You, being KARKAT VANTAS, find yourself frowning and smiling at the same time-because DAVE STRIDER is fucking annoying as all hell but you're growing rather fond of him. Your contradicting emotions leave you with a rather SCREWED UP EXPRESSION, which if you could see you'd probably compare it to a constipated individual meeting a comedian. That metaphor was completely relevant, also relatable. Meanwhile in Dumb Expressions-Ville, Dave is too busy modeling his pink superman cape that you just won for him to notice you. You won it just next door to the gun stall, where you won your "ironic" teddy bear baby. (which you are currently toting around now like a ridiculous trophy wife.)

Holy fuck wait back up. Did you just use ironic in a sentence unironically?

"No, but seriously, Karkitty, this ride is the best." he says with a straight face. As if he wasn't literally teasing you to the point of breakdown.

"WHAT ESTABLISHES IT'S BETTER QUALITY AS COMPARED TO THE OTHER SHIT DUMP RIDES HERE?"

"Because it's the last one." he says as if it were obvious.

"WE'RE GOING HOME?"

"I was not aware of your sudden interest of coming to my house, Vantas. Oh wait, yes I was." he smirks.

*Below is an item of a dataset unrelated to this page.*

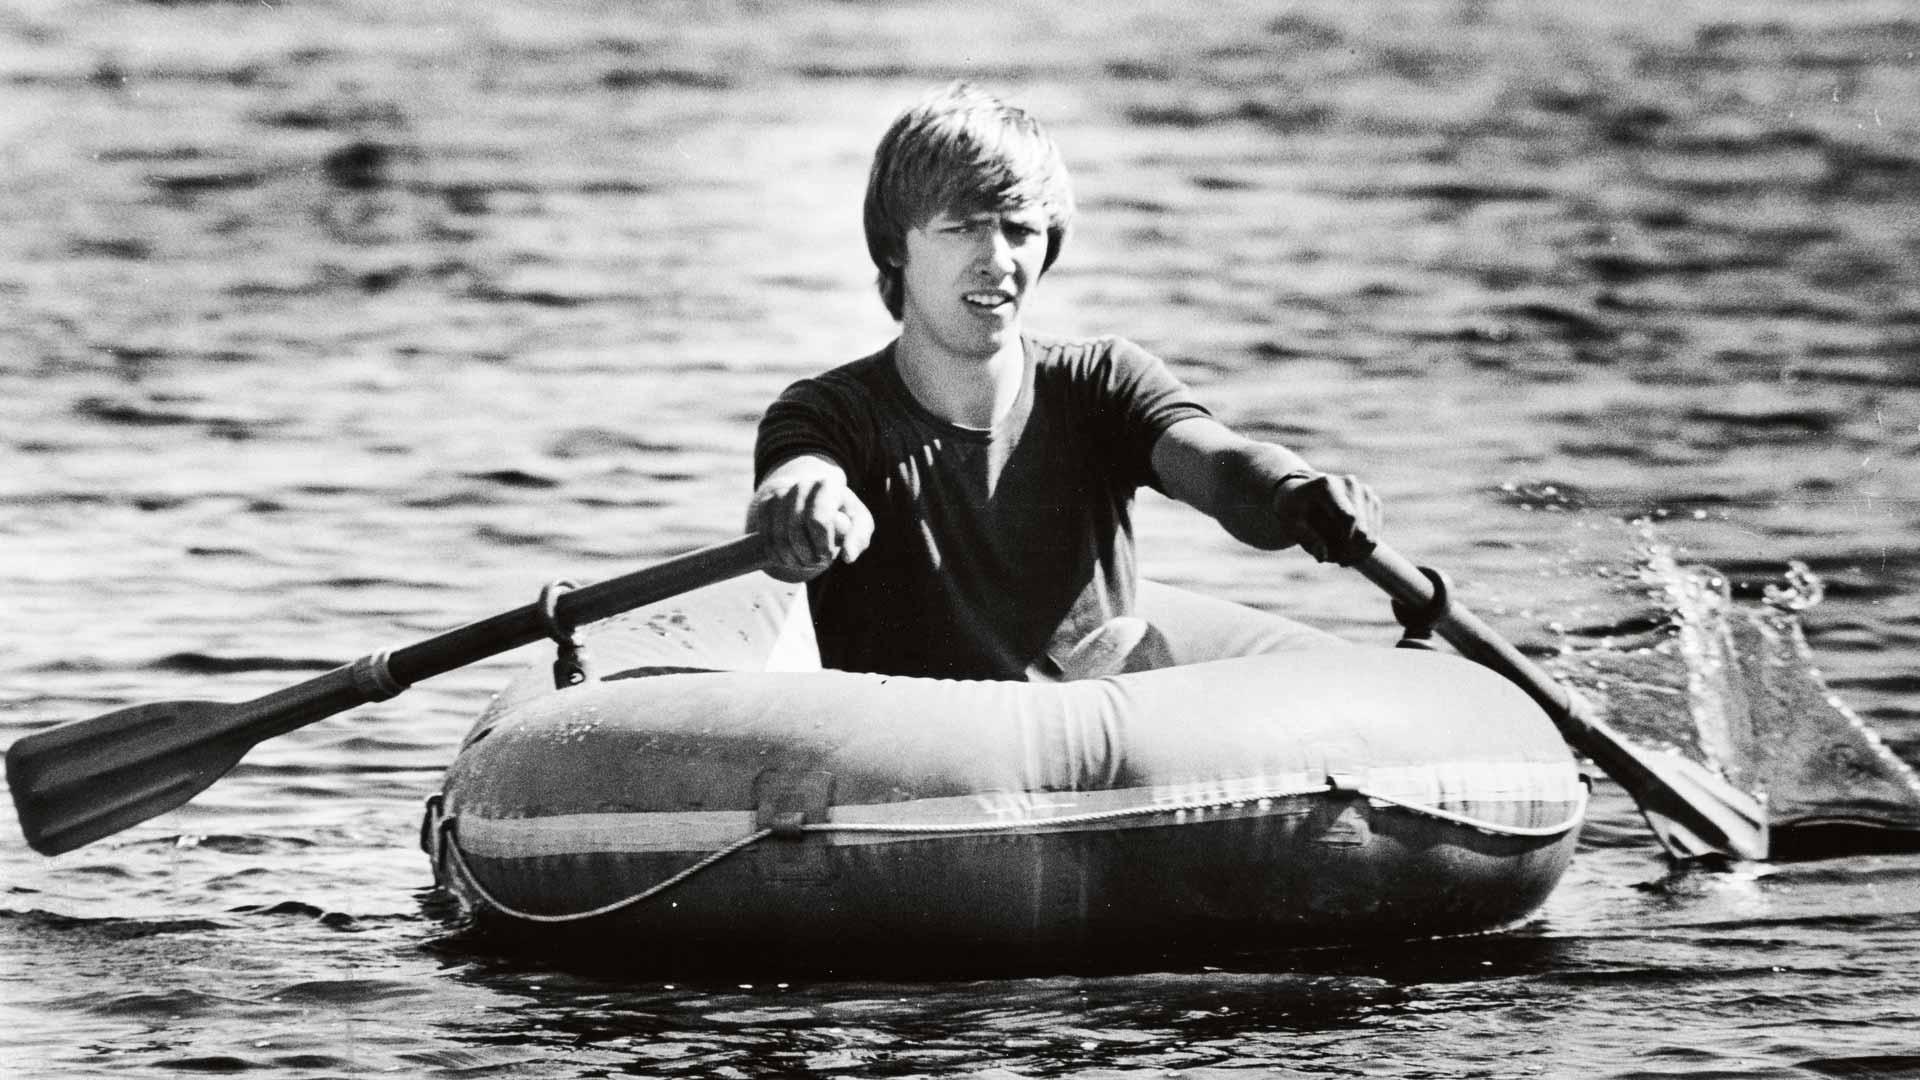 Vuosi pakonsa jälkeen Mart Vahter antoi haastattelun uumajalaiselle Västernbottens Folkbladille, joka kuvautti hänet kumiveneessä. Vahter kuitenkin vaikeni visusti siitä, ketkä häntä auttoivat.
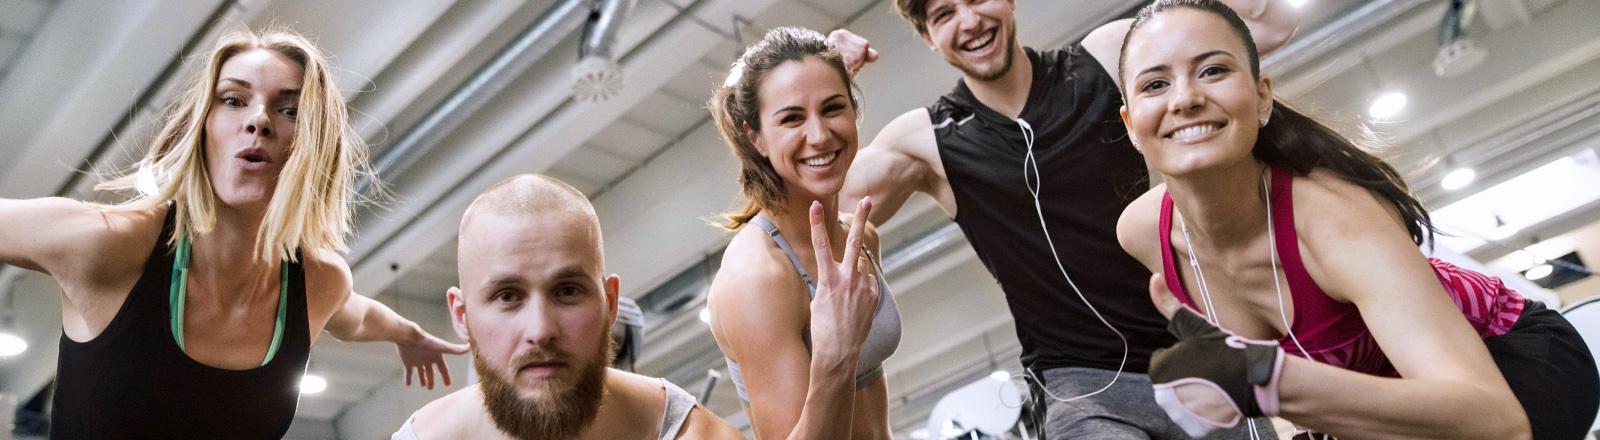 Motivierte Menschen im Fitnesstudio.

You have the sudden urge to tear your eyebrows out. You believe this painful and slow activity will punish you enough for continuing to walk into this flirtatious jokes. And possibly your eyebrowless state will render you so unattractive that maybe they'll stop altogether. You're doing this because you like it.

"OH YOU *SO* CAUGHT ME." you say sarcastically. "BUT DID YOU FORGET WHO ELSE LIVES IN YOUR HOUSE?"

"Bro code dictates that if any roommate brings a girl home the other roommate pulls a Harry Potter in the Dursley's house."

"WHAT THE FLYING FUCK DOES THAT MEAN? ALSO I AM NOT A FUCKING GIRL."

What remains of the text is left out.